Таким образом, «Вадим» (и «Двенадцать спящих дев» в целом) может быть интерпретирован как своего рода «мистическая баллада»[92], «шифрующая» апокалиптический сюжет, лирически переживаемый автором: история о пробуждении души в урочный час, ее соединении (браке) со своим избавителем-искупителем и мистическом преображении мира[93]. В то же время отсутствие открытой дидактики и аллегорий, характерных для теософских поэм XVIII века, обилие «чудес» и увлекательных происшествий, свободно сменяющих друг друга в лирическом повествовании, грациозность рассказа и легкая ирония, сообщаемая балладе шутливым посвящением («Дев я разбудил… // Не усыпить бы друга»), — все это сближает жанровый эксперимент Жуковского с мистической «сказкой» (Mährchen), в которой, по Новалису, все «чудесно, таинственно и оживленно» и которая, описывая отдаленные полулегендарные времена, является «одновременно пророческим изображением» будущего (Новалис 1934: 134). Обращаясь к русской средневековой старине, Жуковский поступает как «истинно сказочный [зд.: романтический. — И.В.] поэт», то есть, по Новалису, как «провидец будущего» (Там же).

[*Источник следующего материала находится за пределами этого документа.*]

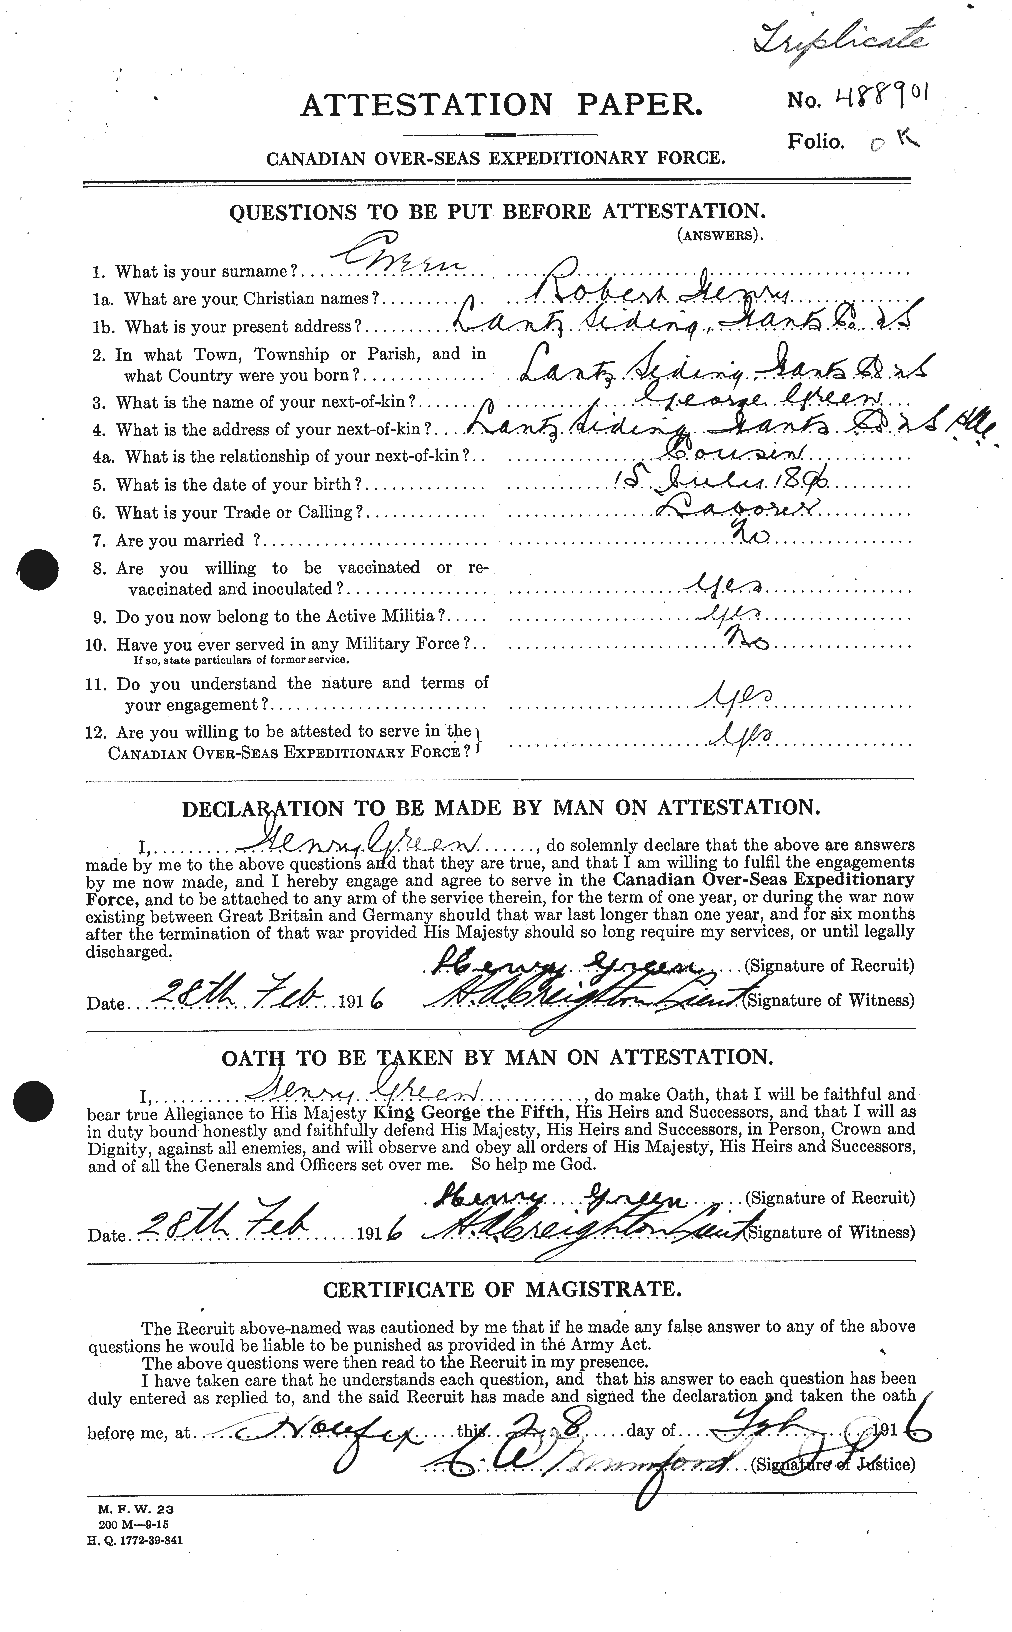 Personnel Records of the First World War - CEF 363651a

Когда мистическая волна середины 1810-х годов схлынула, символический смысл поэмы о спящих девах потерял свою былую определенность и стал казаться читателям туманным поэтическим чаянием мечтательного романтика.

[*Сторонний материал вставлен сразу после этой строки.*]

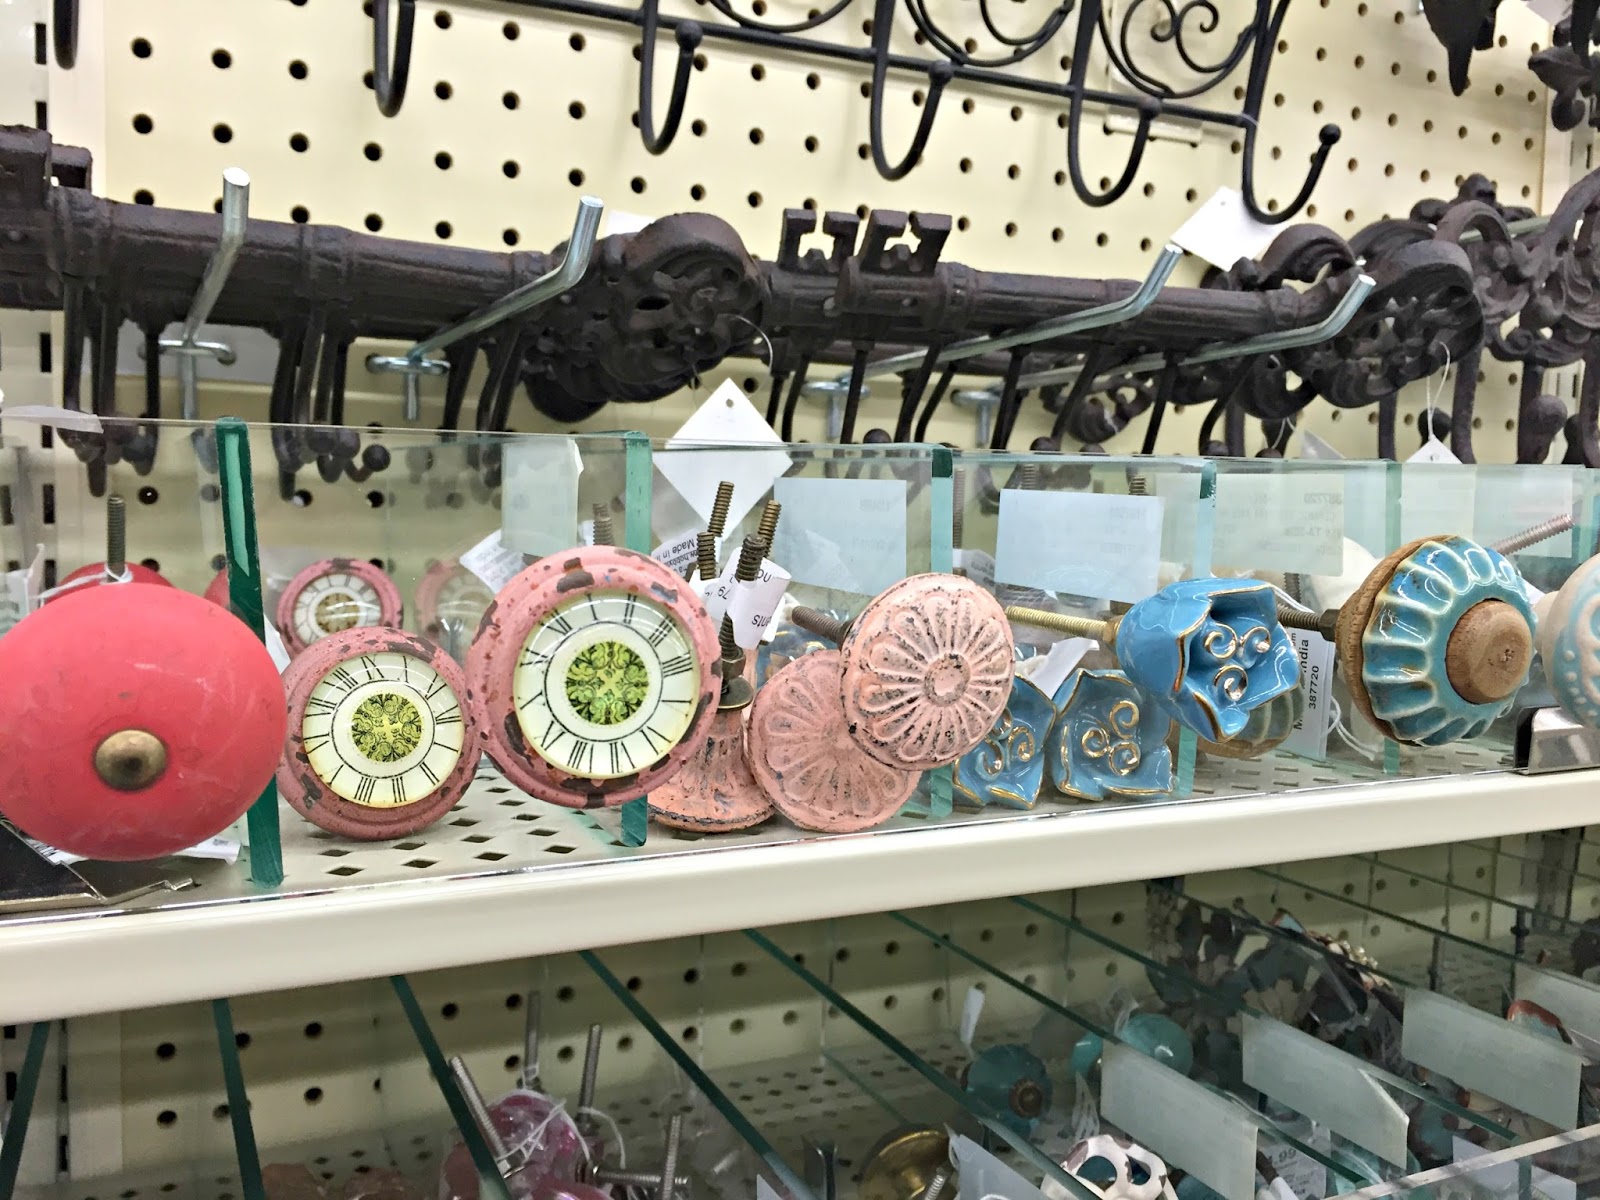 The Best Place To Find Beautiful Knobs And Pulls From Thrifty

Глава 2. Видение конгресса: Жуковский и миссия императора Александра
Властителю совластвует певец;
Переселясь в обитель неземную,
Из легких снов себе свой зиждет трон;
Пусть об руку идет с монархом он:
Они живут на высотах созданья.
Я верую в пророчества пиитов.
Нет, не вотще в их пламенной груди
Кипит восторг: благословится подвиг,
Его ж они прославили заране!
24 октября 1273 года в коронном граде Карла Великого Ахене граф Рудольф Габсбургский, могущественный и храбрый феодал, был избран коллегией из семи курфюрстов императором Священной Римской империи. Избрание Рудольфа прекратило многолетнюю разорительную войну и положило начало австрийской династии Габсбургов. В августе 1803 года немецкий поэт Фридрих Шиллер написал балладу, посвященную коронационному пиру императора Рудольфа. Могучий владыка был представлен в ней добрым христианином и искренним почитателем муз. В марте-апреле 1818 года русский поэт Василий Жуковский перевел балладу Шиллера об ахенском пире, превратив графа Габсбургского в еще более набожного, чем в оригинале, государя.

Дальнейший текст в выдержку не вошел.